Dimensionality reduction
| Method | Linear | Local | Global | Scales well | Typical use |
|---|---|---|---|---|---|
| PCA | ✓ | ✗ | ✓ | ✓✓✓ | Baseline, preprocessing |
| t-SNE | ✗ | ✓✓✓ | ✗ | ✗ | excells in local |
| UMAP | ✗ | ✓✓ | ✓ | ✓✓ | General-purpose |
| TRIMAP | ✗ | ✓✓ | ✓✓ | ✓✓ | global triplets |
| PaCMAP | ✗ | ✓✓ | ✓✓ | ✓✓✓ | good alround |
| LocalMAP | ✗ | ✓✓ | ✓✓ | ✓✓✓ | good alround |
| LLE | ✗ | ✓✓ | ✗ | ✗ | ... |
PCA — Principal Component Analysis
Category: Linear
Preserves: Global variance
Scales to: Very large datasets
Summary
PCA projects the data onto orthogonal axes that maximize variance.

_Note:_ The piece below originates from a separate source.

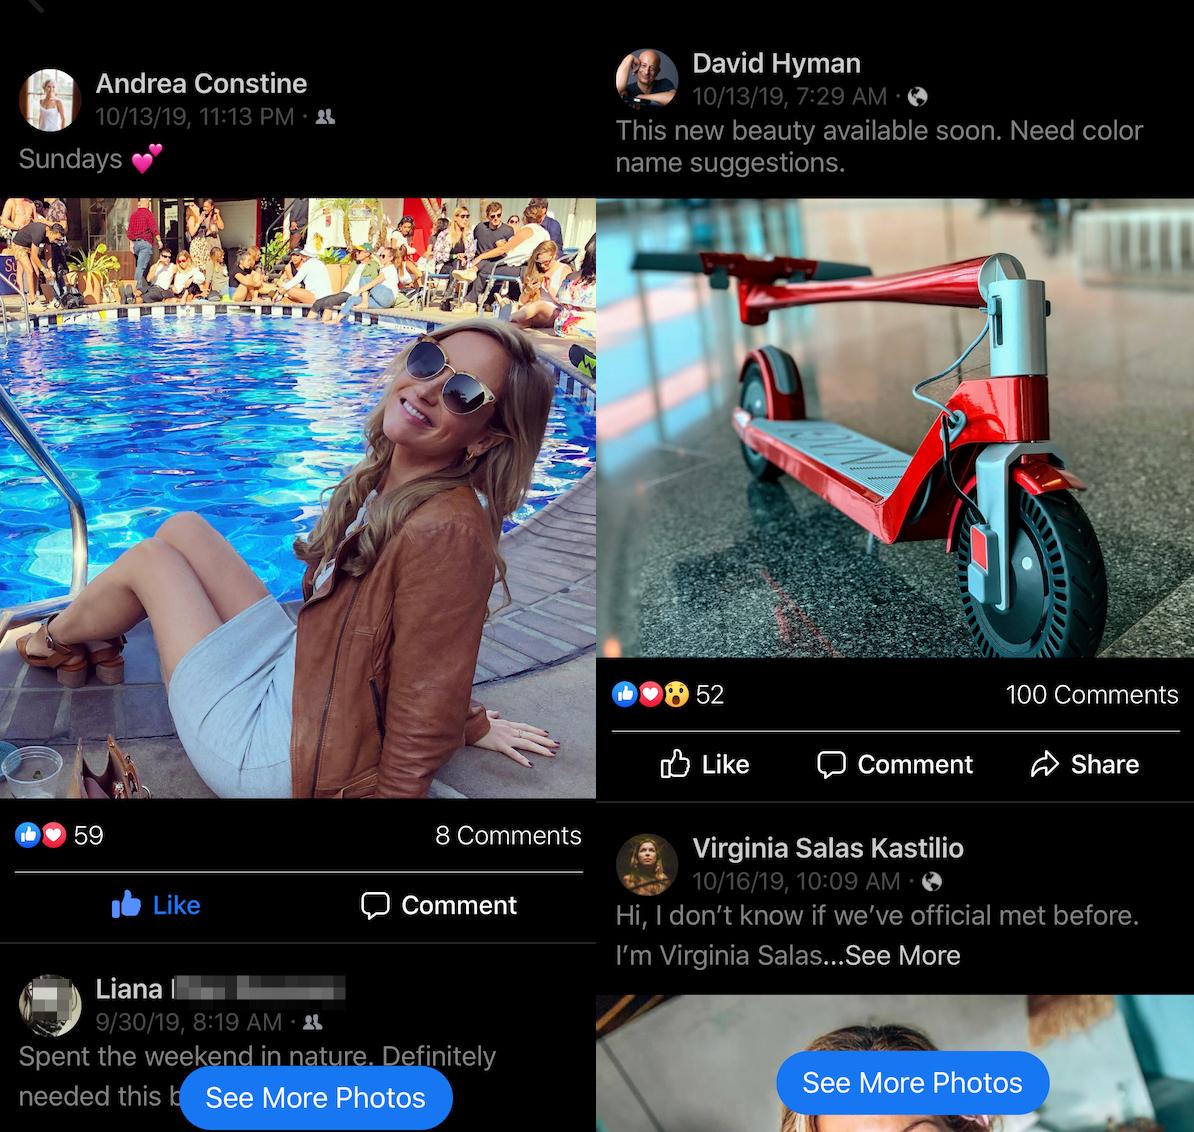 Facebook-Popular-Photos-See-More-Photos-Feed

It provides a linear approximation of the data and is often used as a baseline method or as a preprocessing step prior to nonlinear dimensionality reduction.
In k-mer ordination, PCA captures dominant compositional gradients but may fail to represent nonlinear relationships between samples.
Reference
Pearson, K. (1901)
On Lines and Planes of Closest Fit to Systems of Points in Space
Philosophical Magazine
DOI: 10.1080/14786440109462720
UMAP — Uniform Manifold Approximation and Projection
Category: Nonlinear, manifold learning
Preserves: Local structure, with limited global structure preservation
Scales to: Large datasets
Summary
UMAP constructs a fuzzy topological representation of the high-dimensional data and optimizes a low-dimensional embedding that preserves local neighborhood relationships. Compared to t-SNE, UMAP generally offers better runtime performance and improved preservation of global structure.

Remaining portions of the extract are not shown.